Begin the copy at the line containing "Murió tras ingerir" in the data below and end it at the line containing "Just Disney Princesses", keeping each line exact and leaving out pictures.

BEGIN RECORDS SUPPLIED

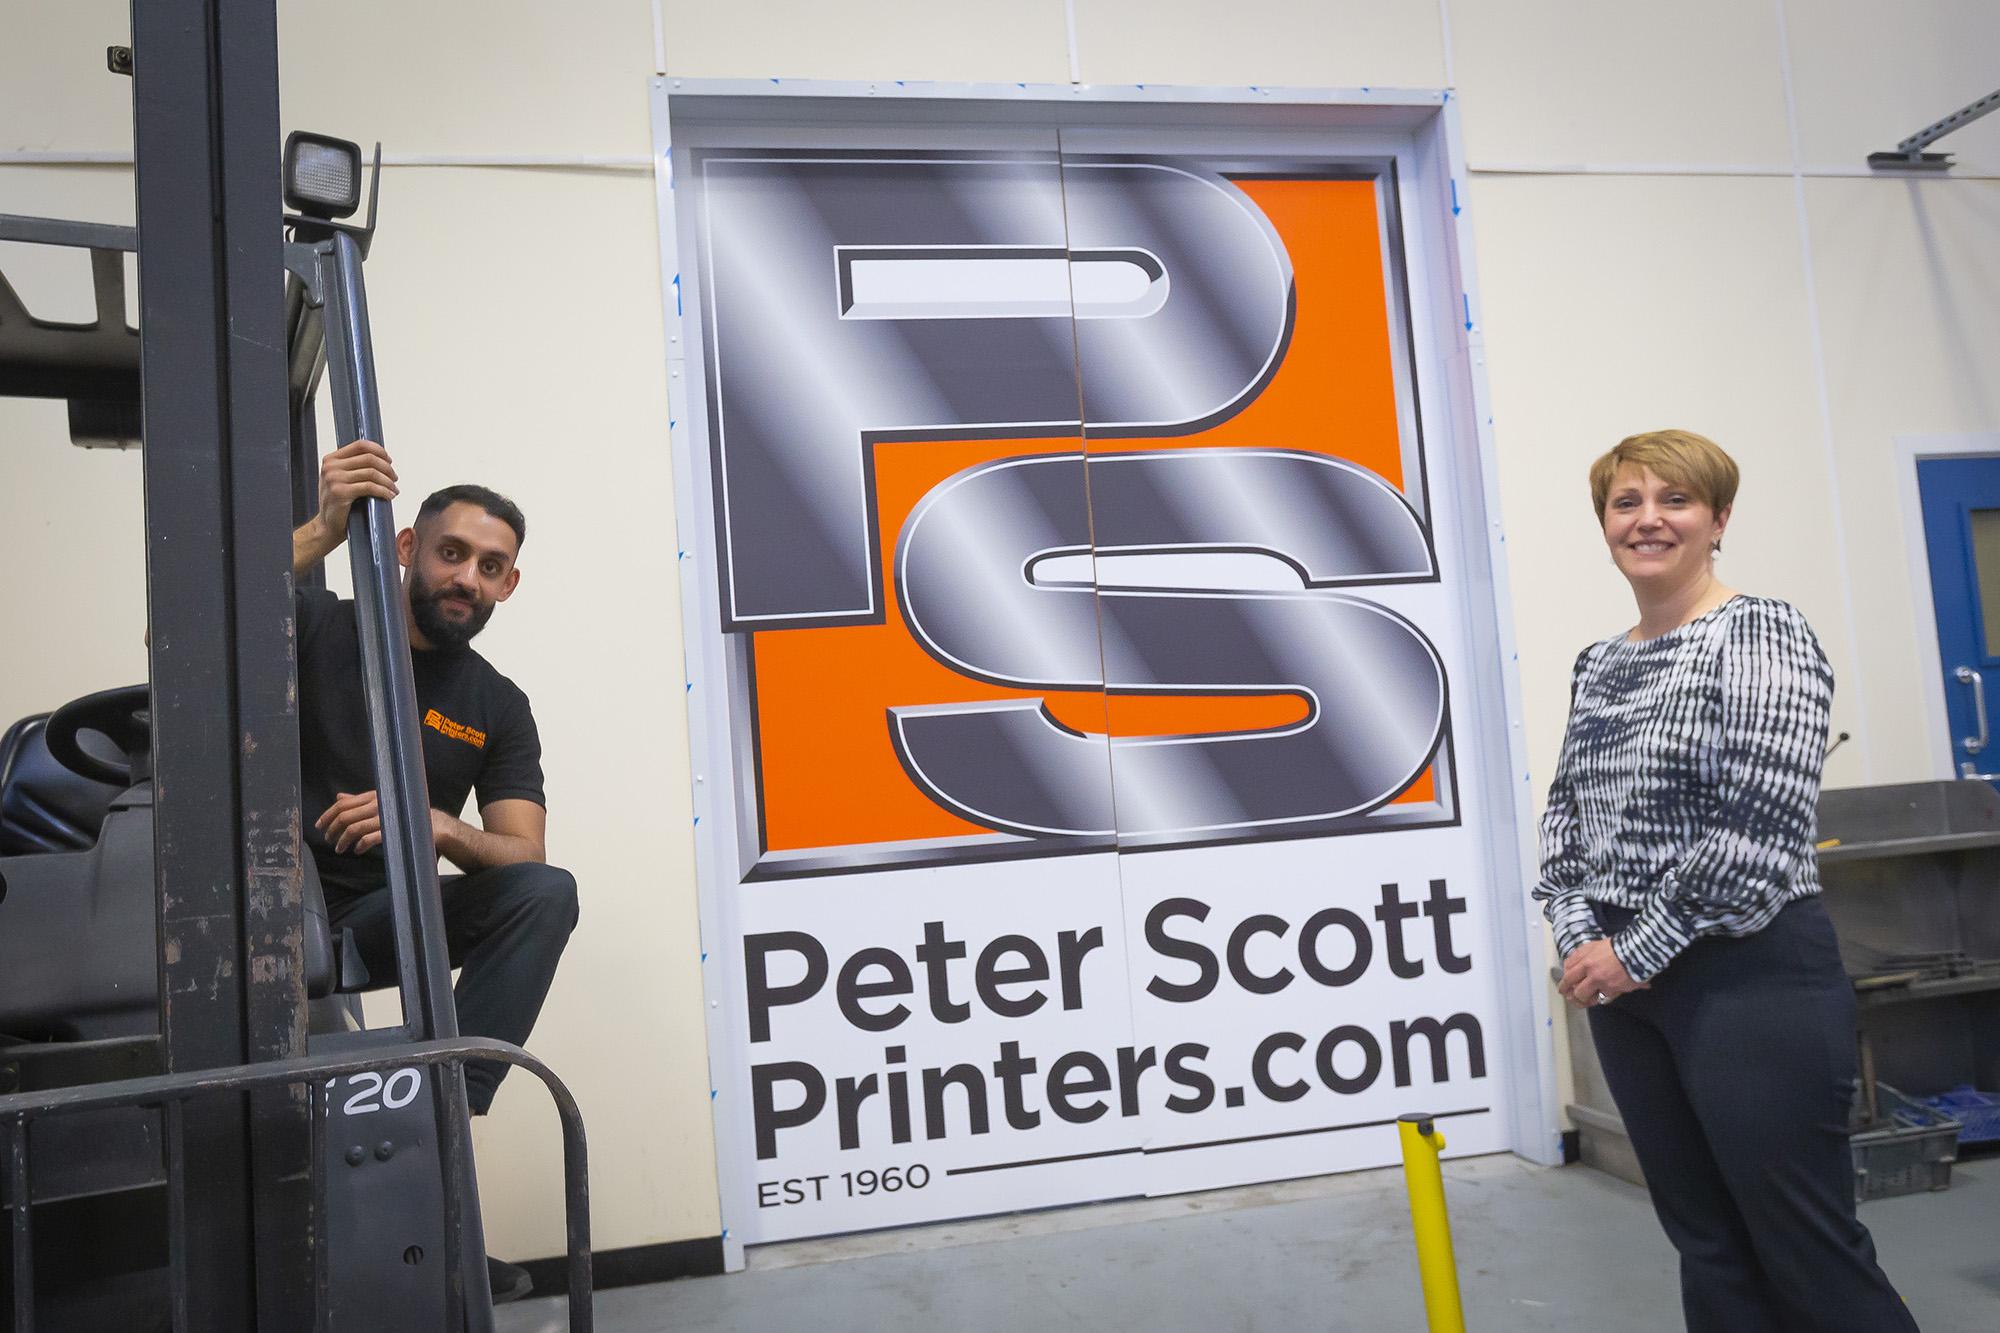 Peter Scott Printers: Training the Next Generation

END RECORDS SUPPLIED
BEGIN RECORDS SUPPLIED

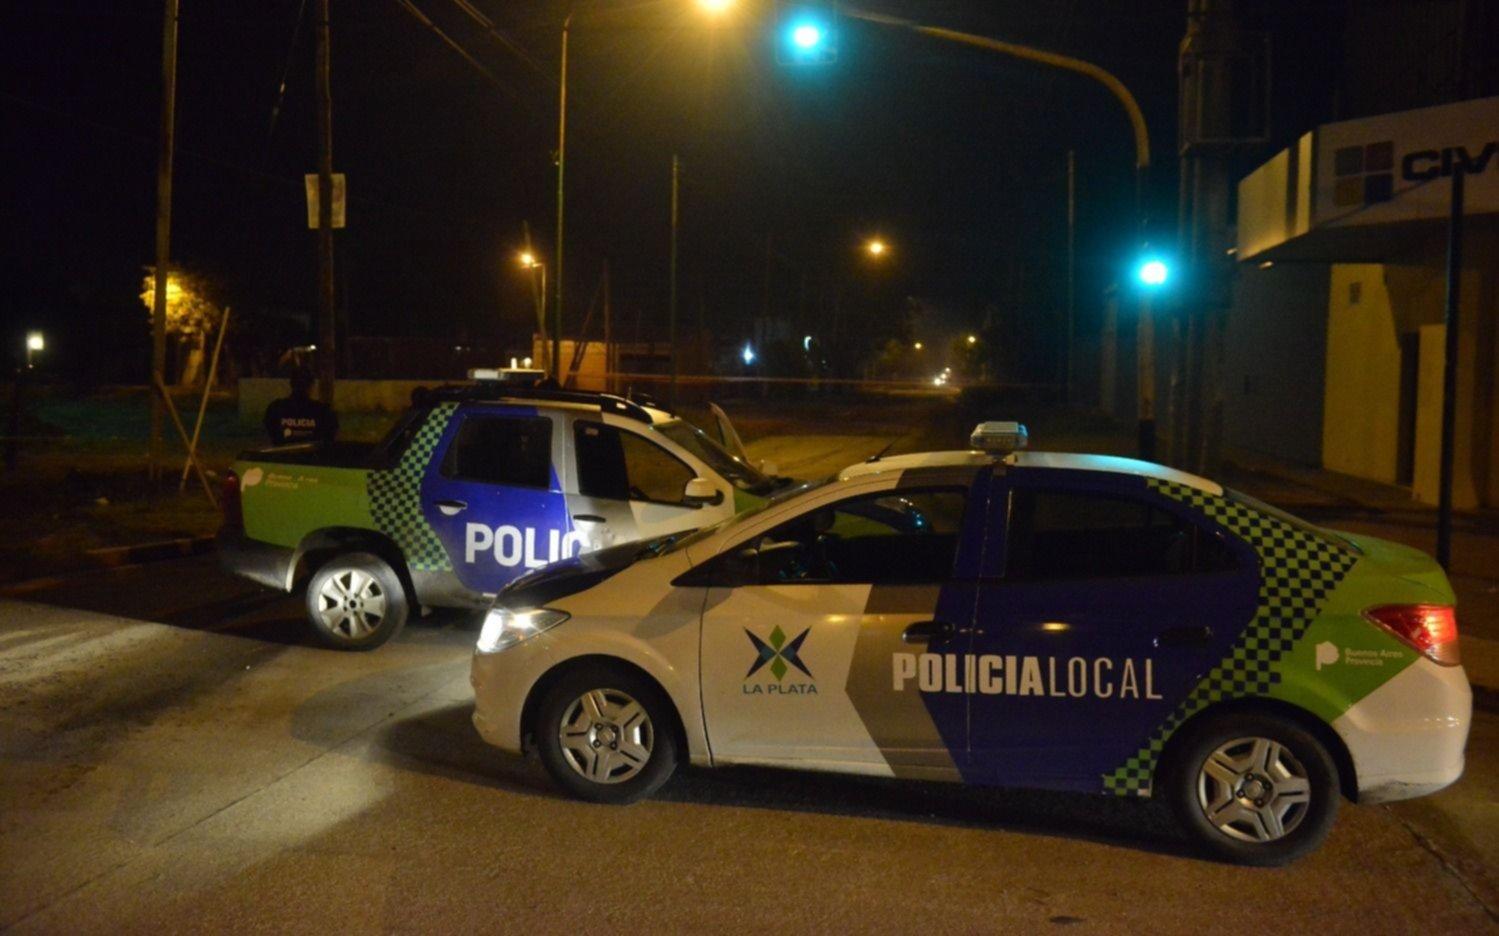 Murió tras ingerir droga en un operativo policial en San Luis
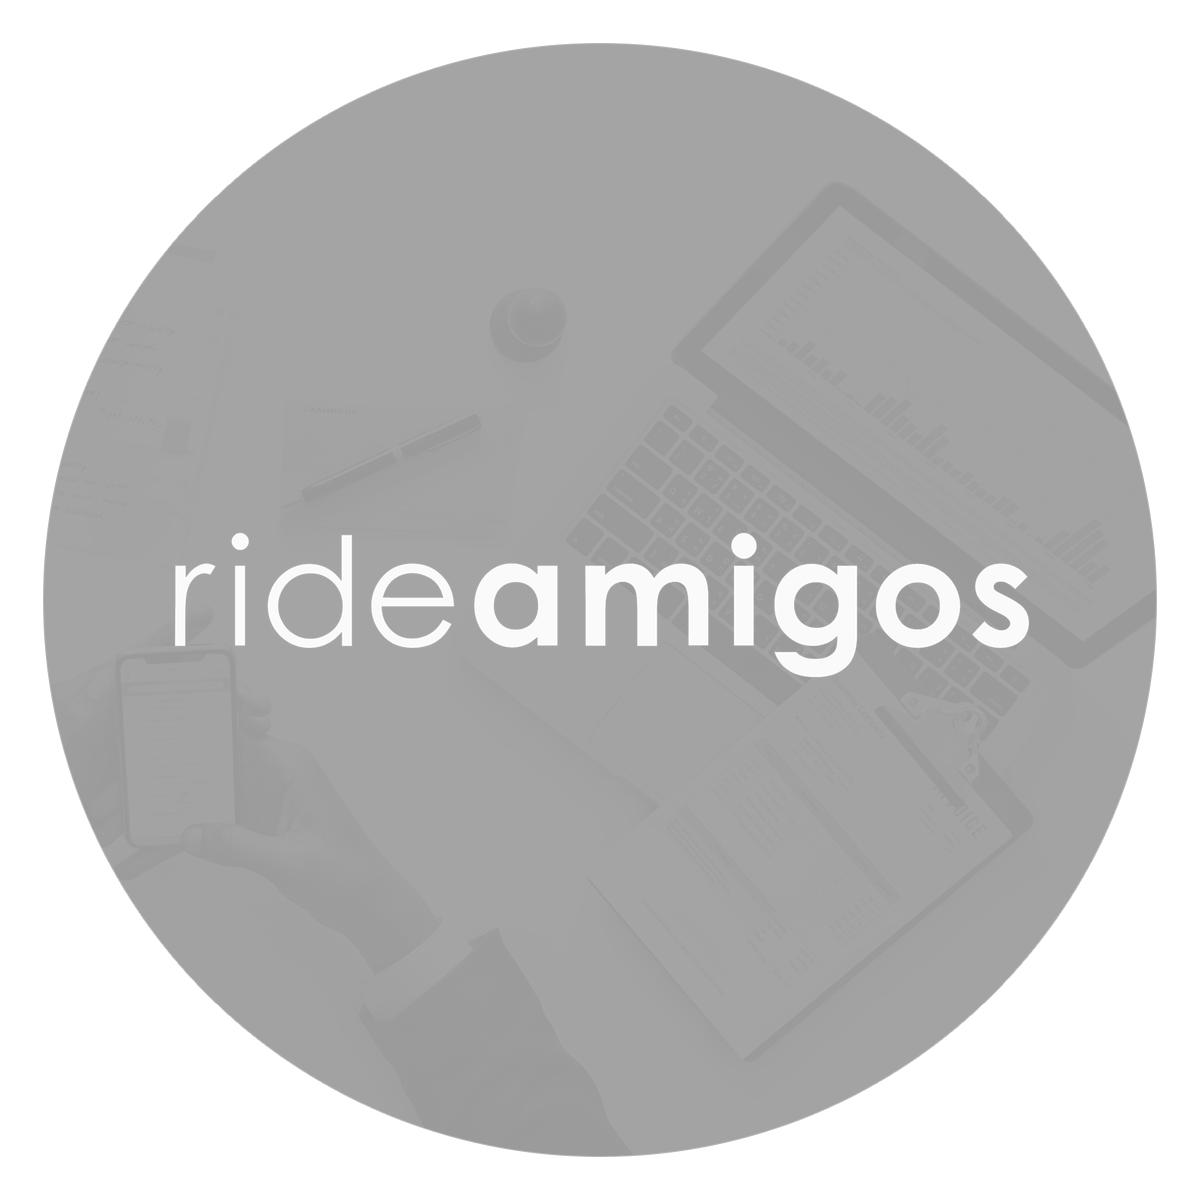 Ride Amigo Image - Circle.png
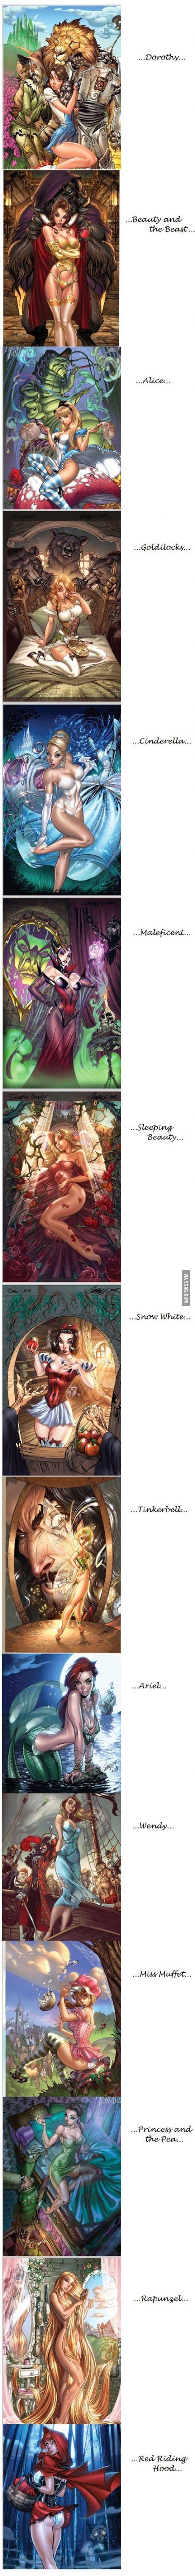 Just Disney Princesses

END RECORDS SUPPLIED

REPLY TO THE TASK.
 Murió tras ingerir droga en un operativo policial en San Luis
 Ride Amigo Image - Circle.png
 Just Disney Princesses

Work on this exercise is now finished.